救助ゾーンに障害物が置かれるかも・・・という説明ですが・・・緑色の部分は2.5.7の説明と重複しています。表記もほとんど同じです。
2.5.7 In the evacuation zone, obstacles may be placed anywhere with a minimum of 10 cm clearance from the wall. Obstacles in the evacuation zone are not scored.
どちらかが、必要ないですよねぇ。
これも、誰もチェックしないのでしょうか?
2.9.7
a. There will be one red evacuation point where the dead victim must be placed by the robot and,
b. There will be one green evacuation point where the living victims must be placed by the robot.
避難場所が2つになりました。銀のボール(とレスキューキット)は緑の避難場所に入れます。黒のボールは赤の避難場所に入れます。つまり、ロボットは被災者の色も、避難場所の色も判別しなければなりません。

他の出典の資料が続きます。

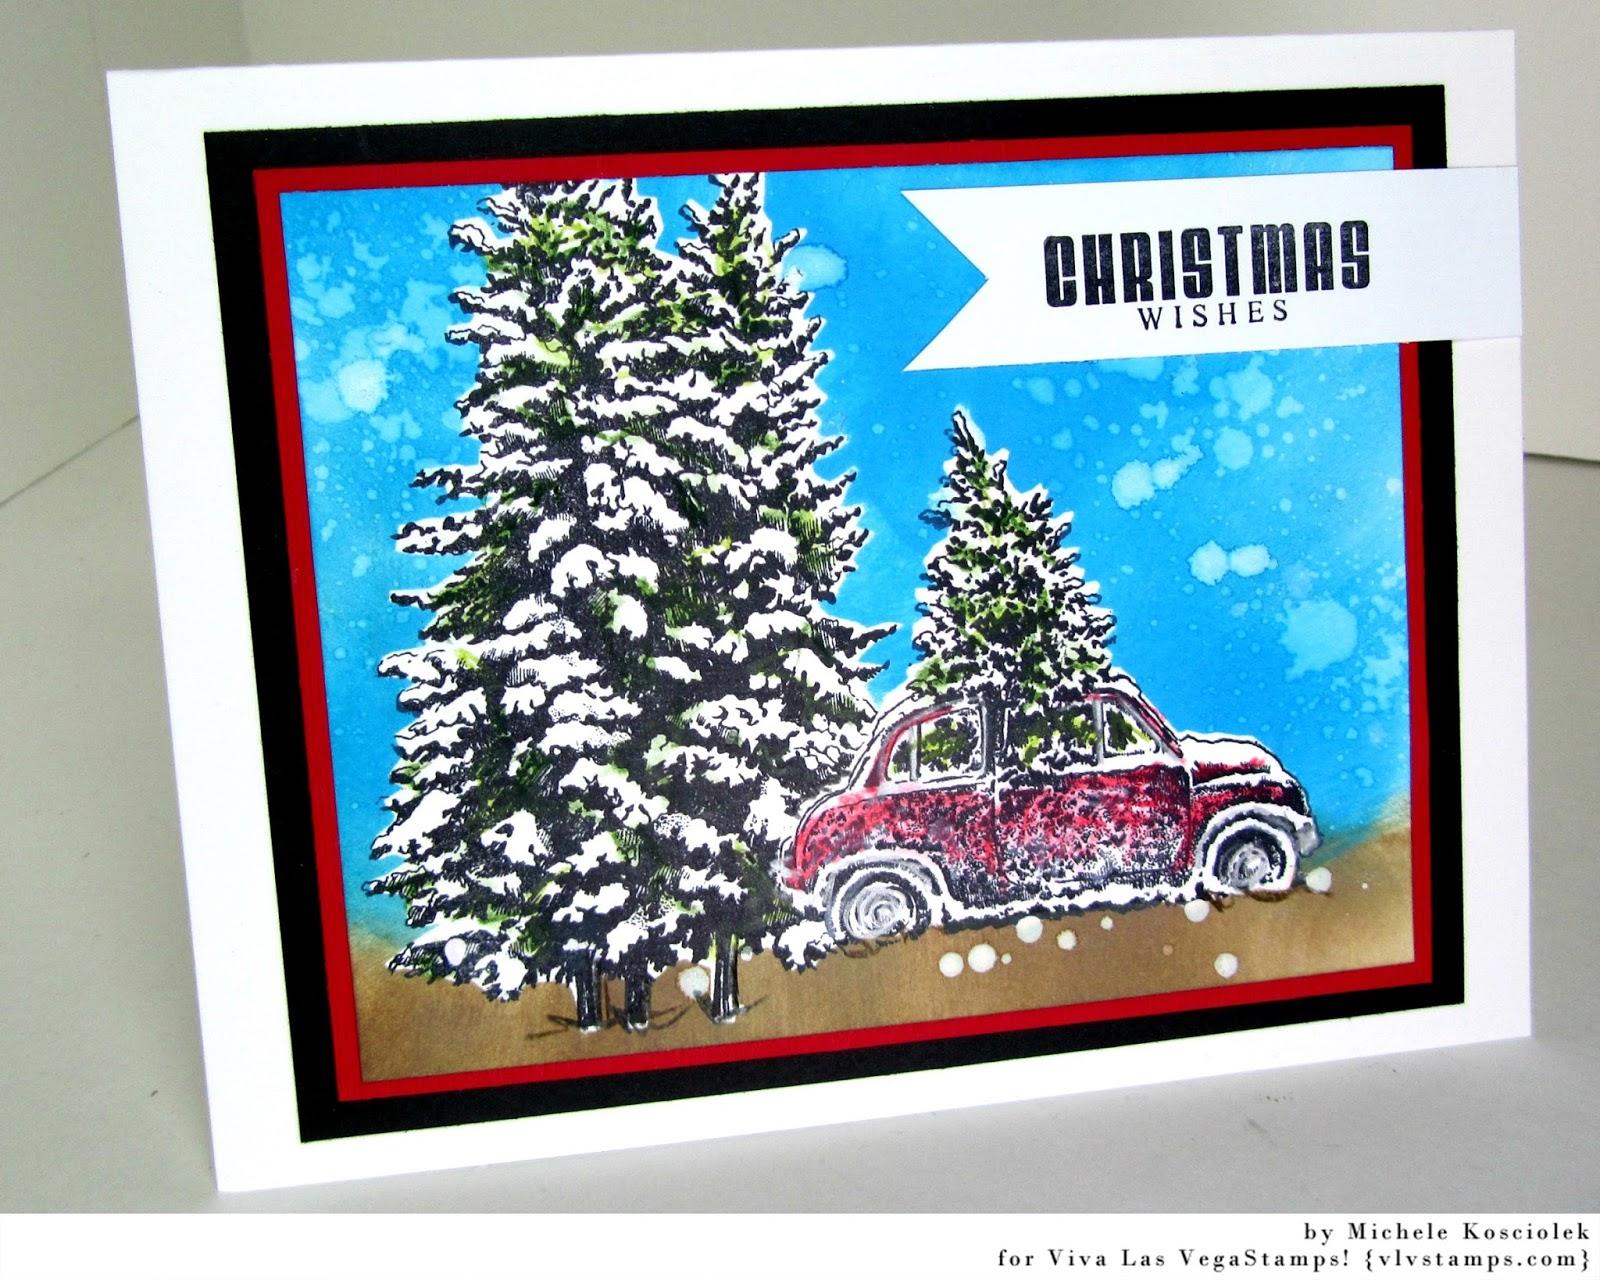 Viva Las VegaStamps!: Sneak Peek at My Christmas Cards

で、その色を判断するためには、(Level two では、床の色でなく)壁の色を見分けなければなりません。 新たにカラーセンサーを壁に向けて設置するか、カメラを搭載することになります。
現状では、被災者救助を飛ばすチームが多いのですが・・・さらに被災者救助を難しくしてどうするの? と大変疑問です。
いや、これ、冗談ではなく、このルールが導入されたことで Rescue Line のチームが減っちゃうのではないかと心配してます。

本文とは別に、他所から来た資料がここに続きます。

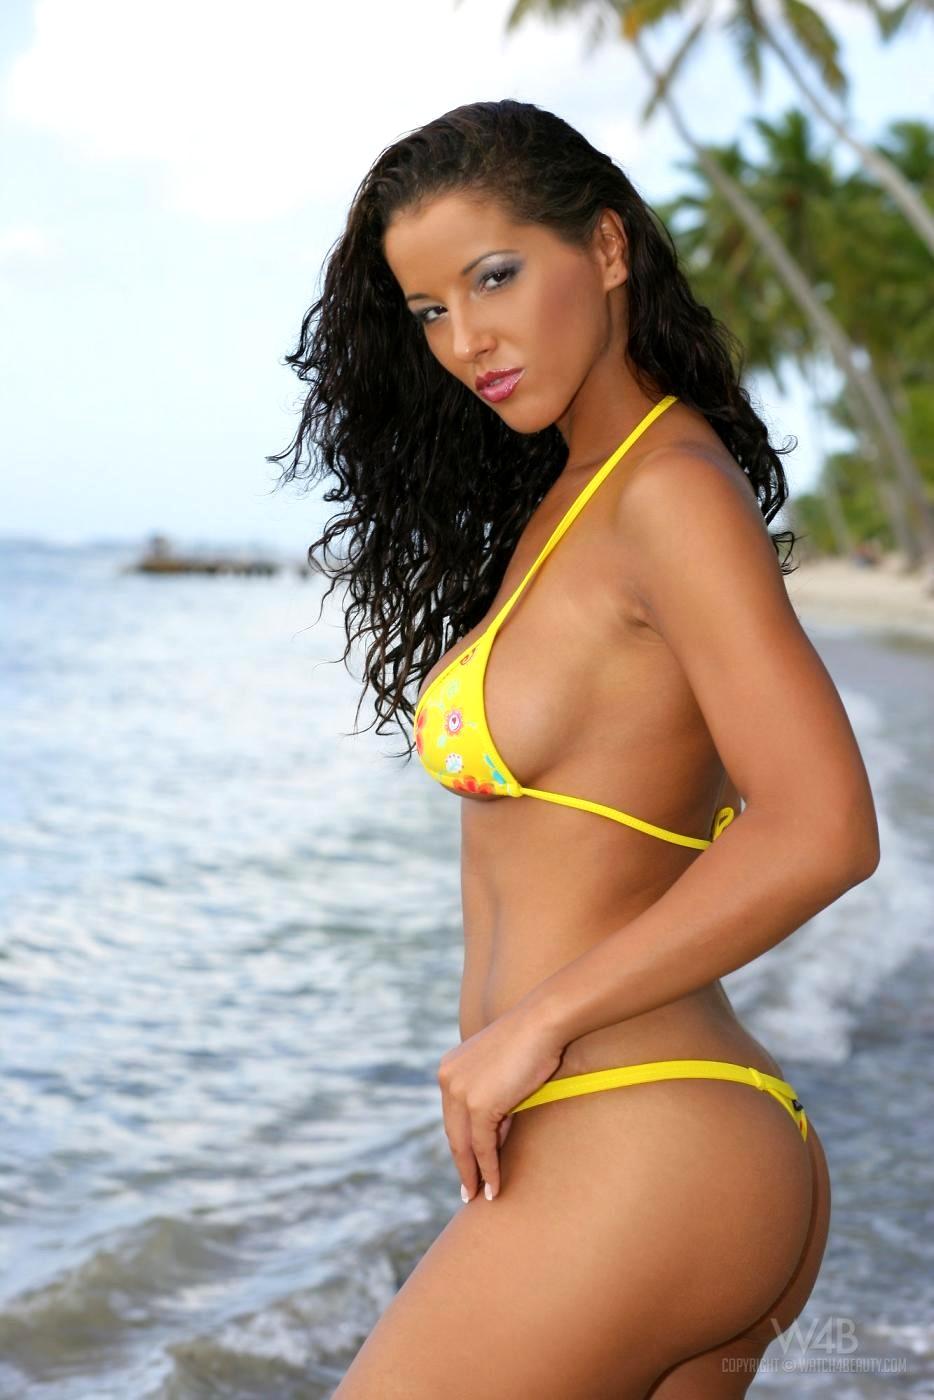 bobbie yellow bikini vto jpg 422x640

2.9.11. After a Lack of Progress, the referee may roll the dice again and place the evacuation points in new corners.
ルールでは、競技進行停止するごとにサイコロを振って、避難場所を設置し直すことになっていますが・・・これをやっている競技会を見たことがありません。(世界大会でもやっていたのかなぁ)

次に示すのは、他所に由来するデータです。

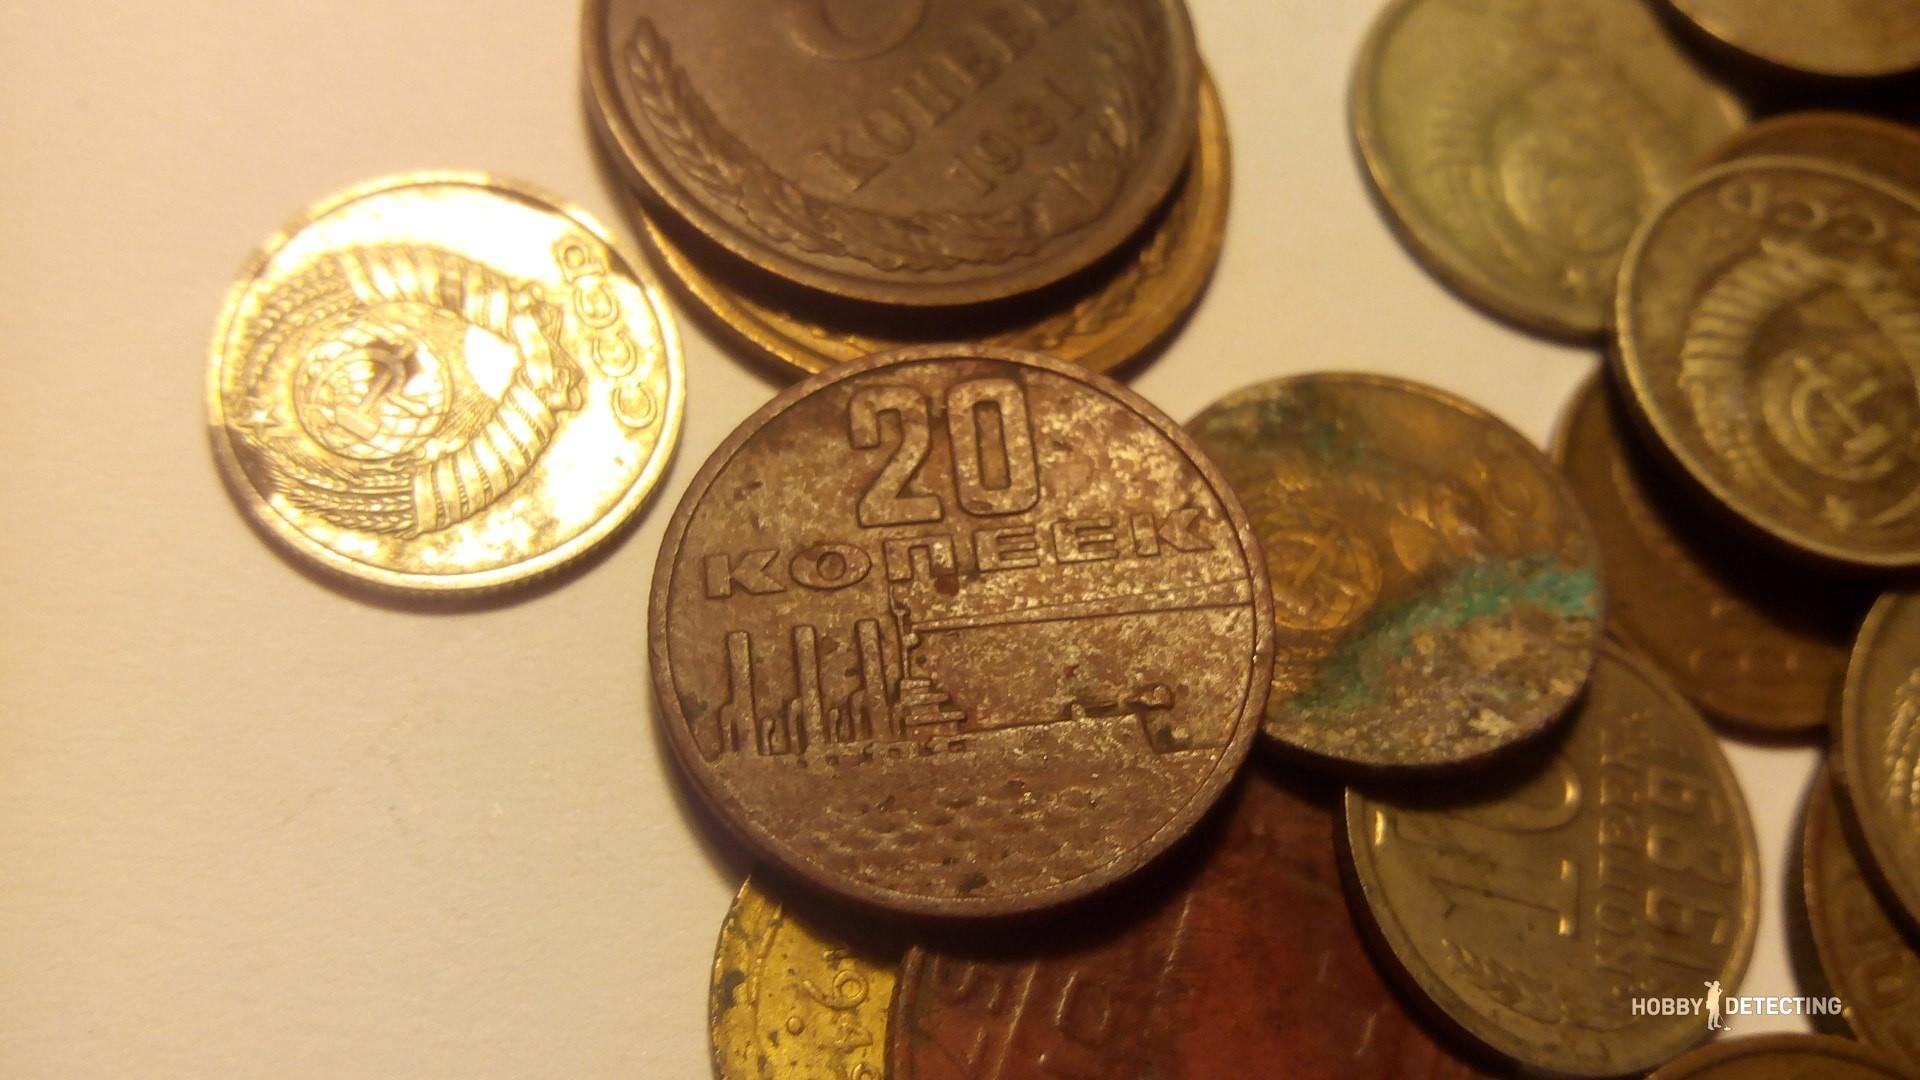 Закладуха советских монет в доме (любопытная находка и конку.

救助ゾーンのかなり前で競技進行停止になっても(避難場所を変えるのは)意味が無いでしょうし・・・逆に、救助ゾーンの直前のチェックポイントから再スタートしたら、避難場所を入れ替える時間の余裕なんか無いですよね。
これ、ちょっと、現実的には実施不可能なルールなのではないでしょうか?
2.9.12の後に避難場所の絵があります。
この絵には 「Level 1」「Level 2」と書かれています。ルール本文(2.9.8)には「Level one」「Level two」と表現がマッチしていません。細かいですが、ルールの中で用語の統一をきちんとやって欲しいですね。
2.11.3
a. Organizers will place the rescue kit after the final speed bump and obstacle before the evacuation zone.
レスキューキットレベル2の場合に、レスキューキットが配置される場所は・・・「救助ゾーンの前でバンプと障害物の前」ということで、ロボットがレスキューキットを押して運ぶことを想定しているのでしょうが・・・傾斜路やシーソーは考慮されないのでしょうか?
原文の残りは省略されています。